Tier 0 — Tool Index (Always Loaded): A compressed index of all available tools, containing only (toolId, oneSentenceDescription, mutationClass). Cost: $\sim 5{-}10$ tokens per tool.

C_{\text{index}} = N \cdot \bar{s}_{\text{index}}, \quad \bar{s}_{\text{index}} \approx 8 \text{ tokens}

Tier 1 — Selected Tool Schemas (Loaded on Plan): When the agent's planner identifies relevant tools during the planning phase, full schemas for only those tools are injected.

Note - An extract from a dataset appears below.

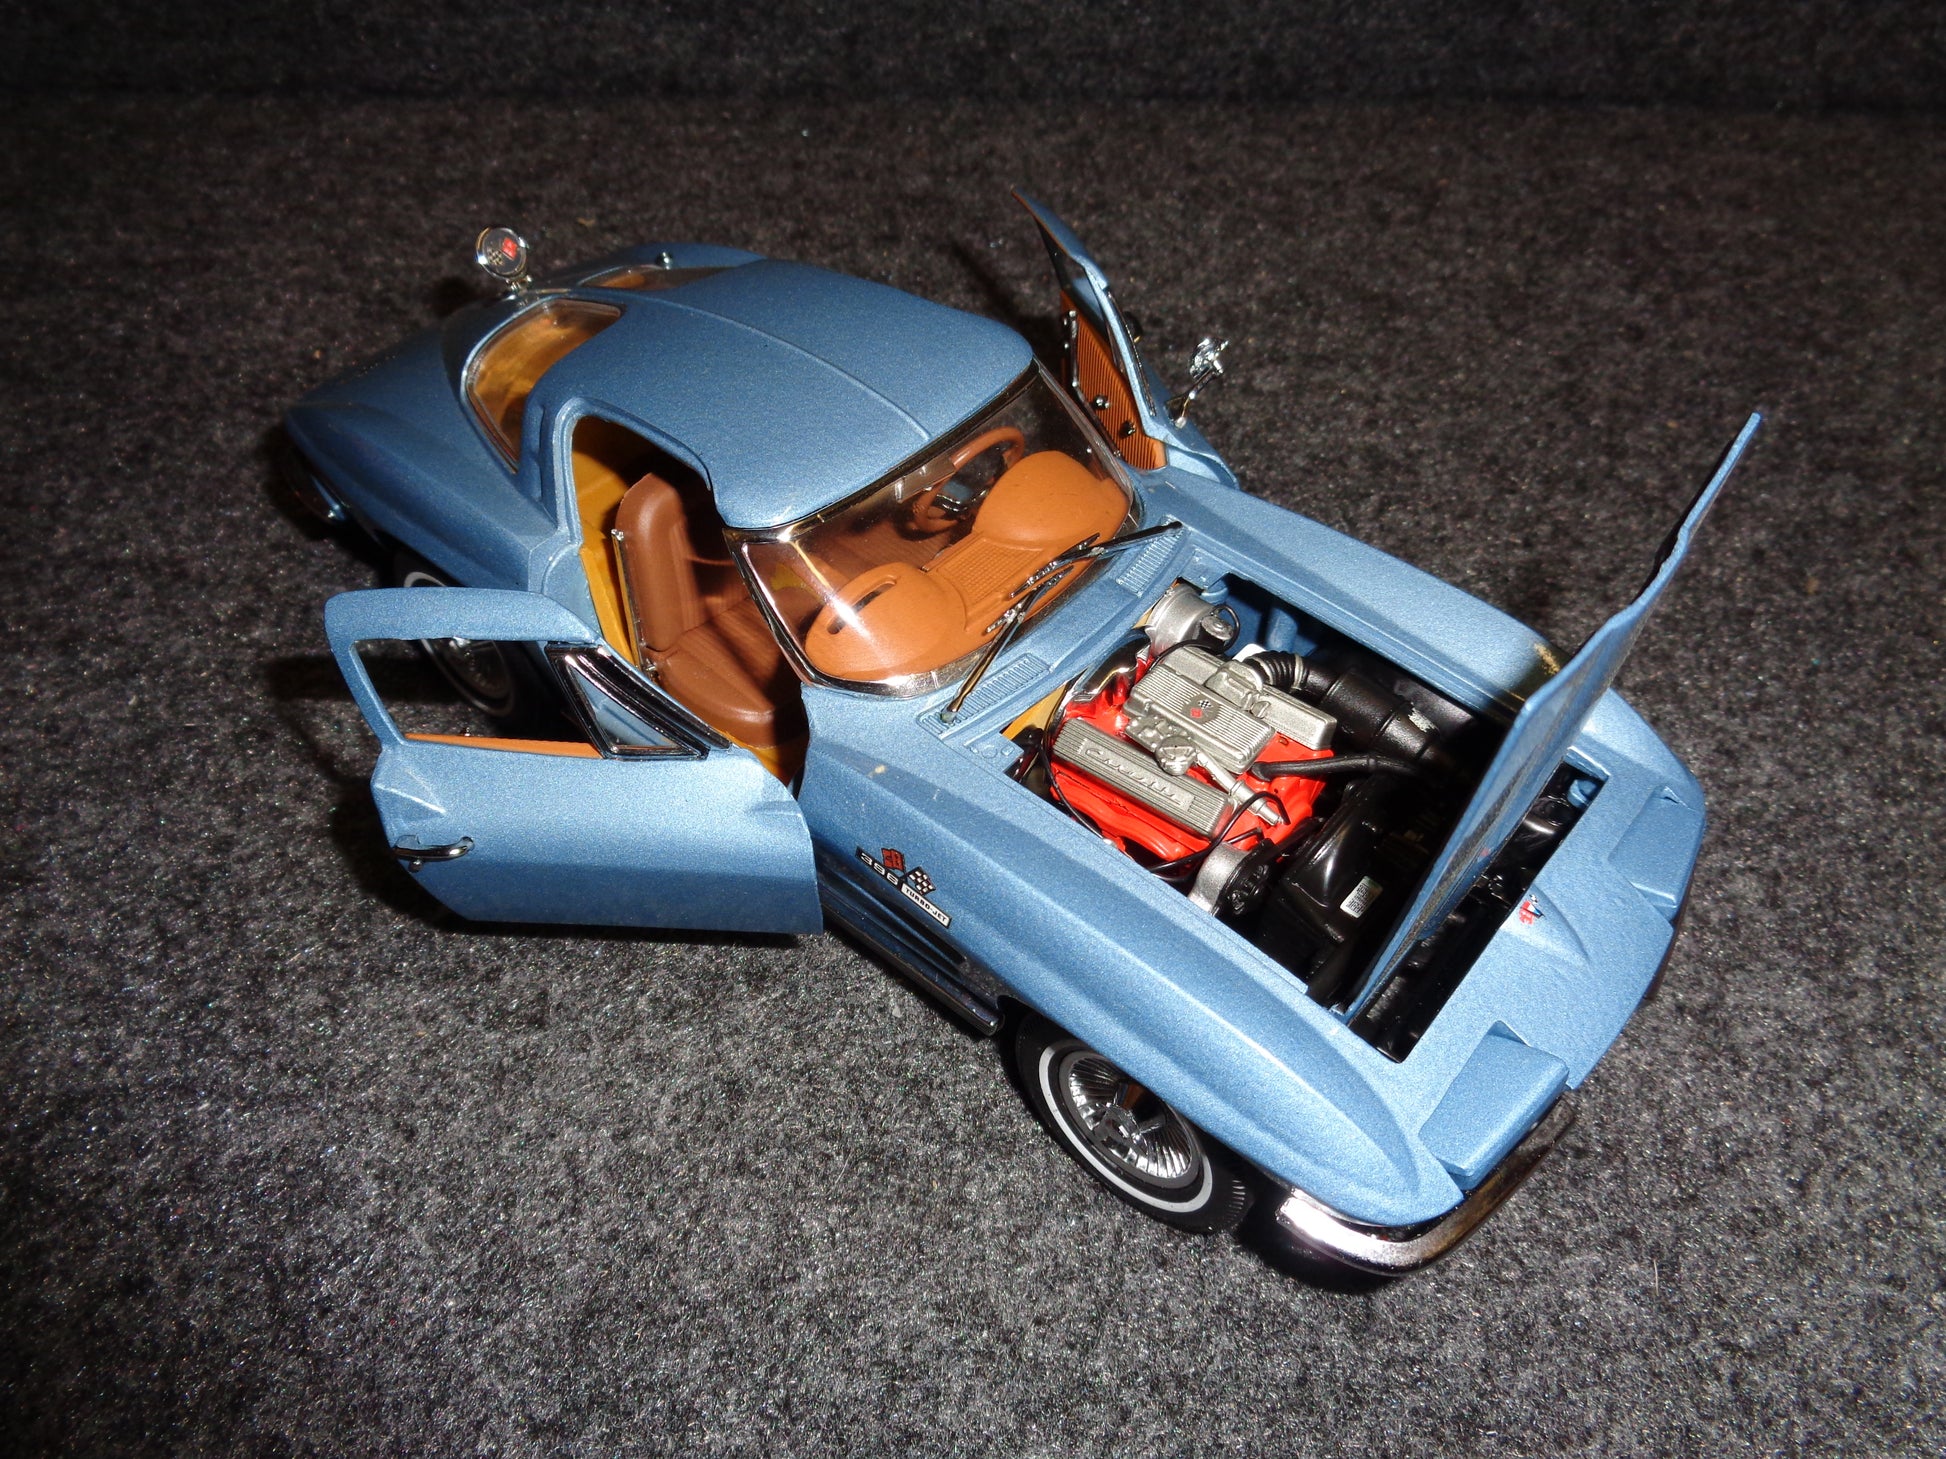 Napa Auto Parts 1963 Chevrolet Corvette Stingray

C_{\text{selected}} = |\mathcal{T}_{\text{selected}}| \cdot \bar{s}, \quad |\mathcal{T}_{\text{selected}}| \ll N

Tier 2 — Extended Tool Details (Loaded on Demand): For tools with complex schemas (e.g., multi-page input structures), only the top-level schema is injected at Tier 1; nested details are loaded only when the agent begins constructing the specific invocation.

Pseudo-Algorithm 13.5: Lazy Tool Loading in Prefill Compilation

PROCEDURE CompileToolAffordances(taskObjective, toolRegistry, tokenBudget):
    // Tier 0: Always include compressed index
    toolIndex ← toolRegistry.GetCompressedIndex()
    indexTokens ← CountTokens(toolIndex)
    remainingBudget ← tokenBudget - indexTokens
    affordanceBlock ← [toolIndex]
    
    // Tier 1: Select relevant tools via planner query
    relevantToolIds ← PlannerSelectTools(taskObjective, toolIndex)
    
    // Rank by predicted utility for current task
    rankedTools ← RankByTaskUtility(relevantToolIds, taskObjective)
    
    FOR EACH toolId IN rankedTools:
        schema ← toolRegistry.GetSchema(toolId, detail=STANDARD)
        schemaTokens ← CountTokens(schema)
        
        IF schemaTokens ≤ remainingBudget THEN
            affordanceBlock.Add(schema)
            remainingBudget ← remainingBudget - schemaTokens
        ELSE
            // Tier 2: Include compressed schema reference only
            compressedRef ← toolRegistry.GetSchema(toolId, detail=MINIMAL)
            refTokens ← CountTokens(compressedRef)
            IF refTokens ≤ remainingBudget THEN
                affordanceBlock.Add(compressedRef)
                remainingBudget ← remainingBudget - refTokens
            ELSE
                BREAK   // Budget exhausted
    
    RETURN affordanceBlock, remainingBudget

13.5.3 Token Budget Optimization#

The optimal tool selection under a token budget $B$ is formulated as a 0-1 knapsack problem:

\max_{\mathbf{x} \in \{0,1\}^N} \sum_{i=1}^{N} u_i \cdot x_i \quad \text{subject to} \quad \sum_{i=1}^{N} s_i \cdot x_i \leq B

where $u_i$ is the estimated utility of tool $i$ for the current task (derived from planner relevance scoring) and $s_i$ is the token cost of tool $i$ 's schema. In practice, a greedy approximation (sort by $u_i / s_i$ descending, select greedily) is sufficient given that tool counts are moderate ( $N < 500$ ).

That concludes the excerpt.